--- Source records Enclosed Below ---

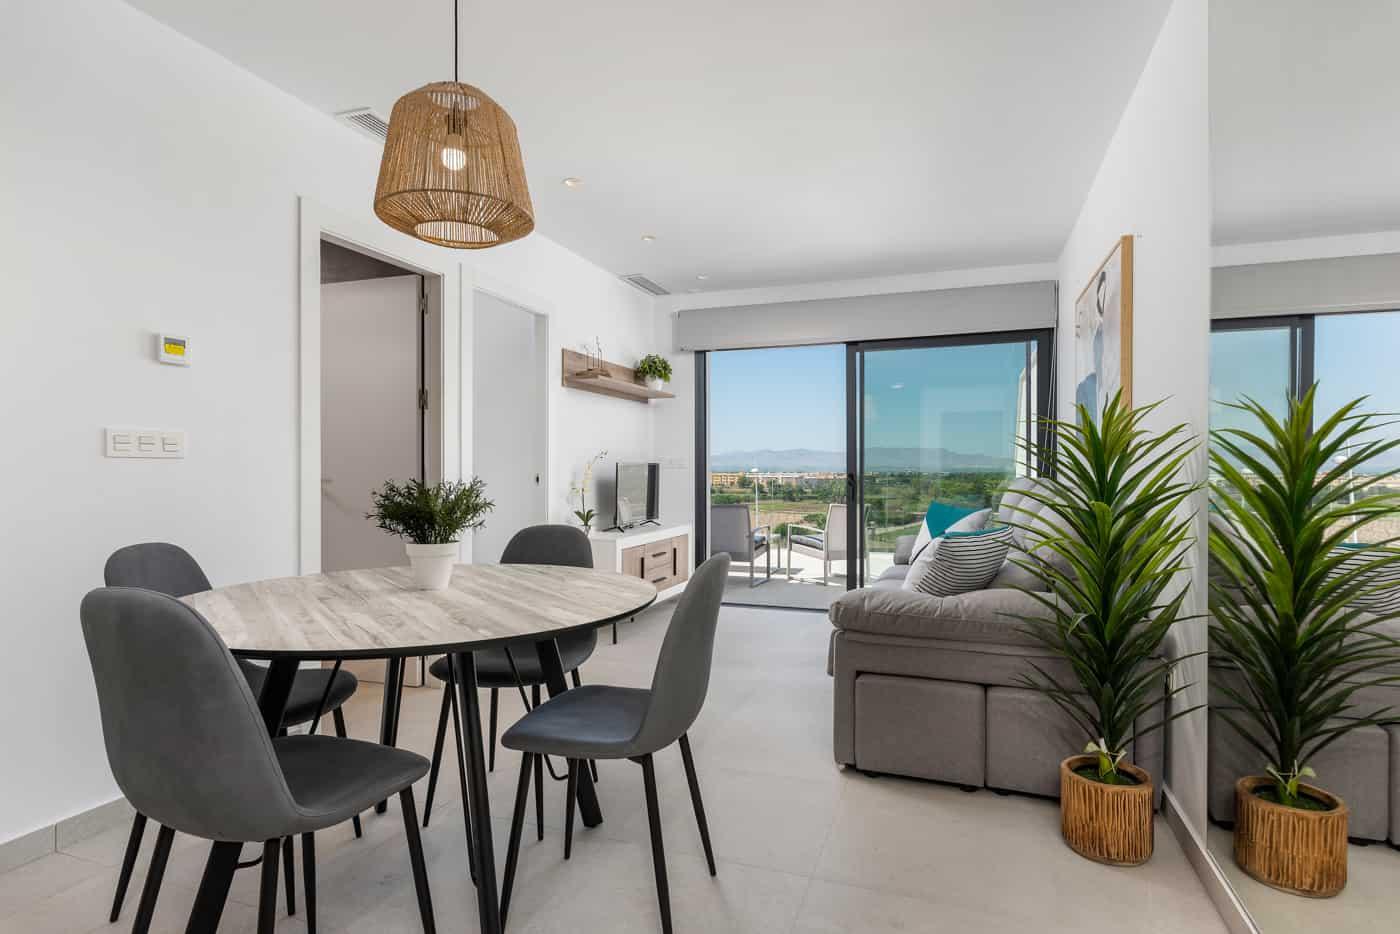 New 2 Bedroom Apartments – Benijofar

--- End of Enclosed Source records ---
--- Source records Enclosed Below ---

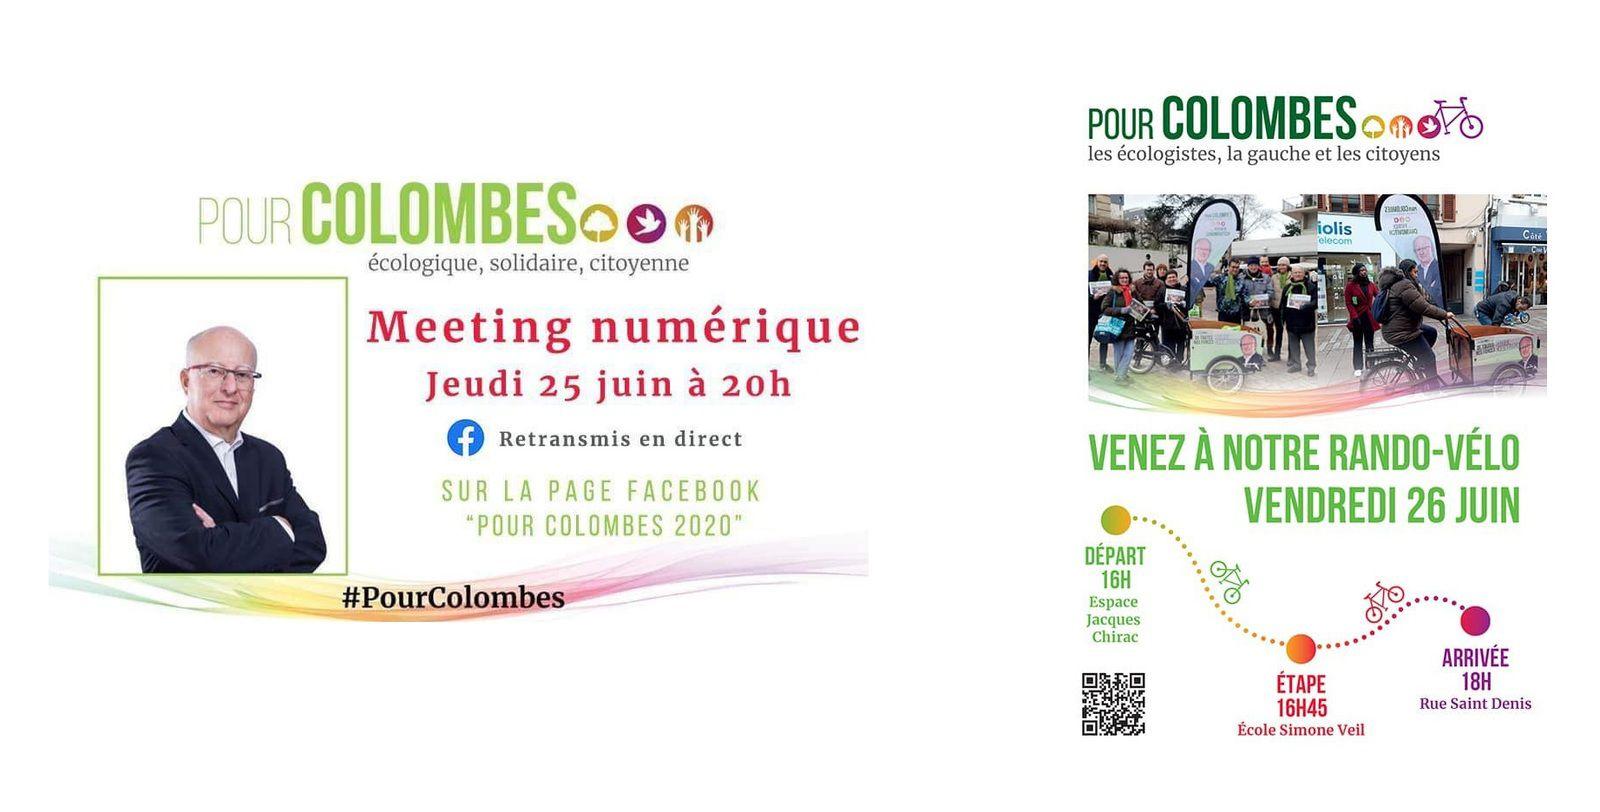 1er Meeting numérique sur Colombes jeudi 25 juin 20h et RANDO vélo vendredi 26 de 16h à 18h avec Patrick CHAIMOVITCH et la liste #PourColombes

--- End of Enclosed Source records ---
--- Source records Enclosed Below ---

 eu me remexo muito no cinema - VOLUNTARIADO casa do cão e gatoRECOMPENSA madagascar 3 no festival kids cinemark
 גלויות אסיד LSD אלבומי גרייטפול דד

--- End of Enclosed Source records ---

### Task requirements
Look above for the line with "eu me remexo" and the line with "גלויות אסיד LSD אלבומי גרייטפול דד". Write out those two lines and all the lines between them, exactly, and no others.

### Task answer
 eu me remexo muito no cinema - VOLUNTARIADO casa do cão e gatoRECOMPENSA madagascar 3 no festival kids cinemark
 גלויות אסיד LSD אלבומי גרייטפול דד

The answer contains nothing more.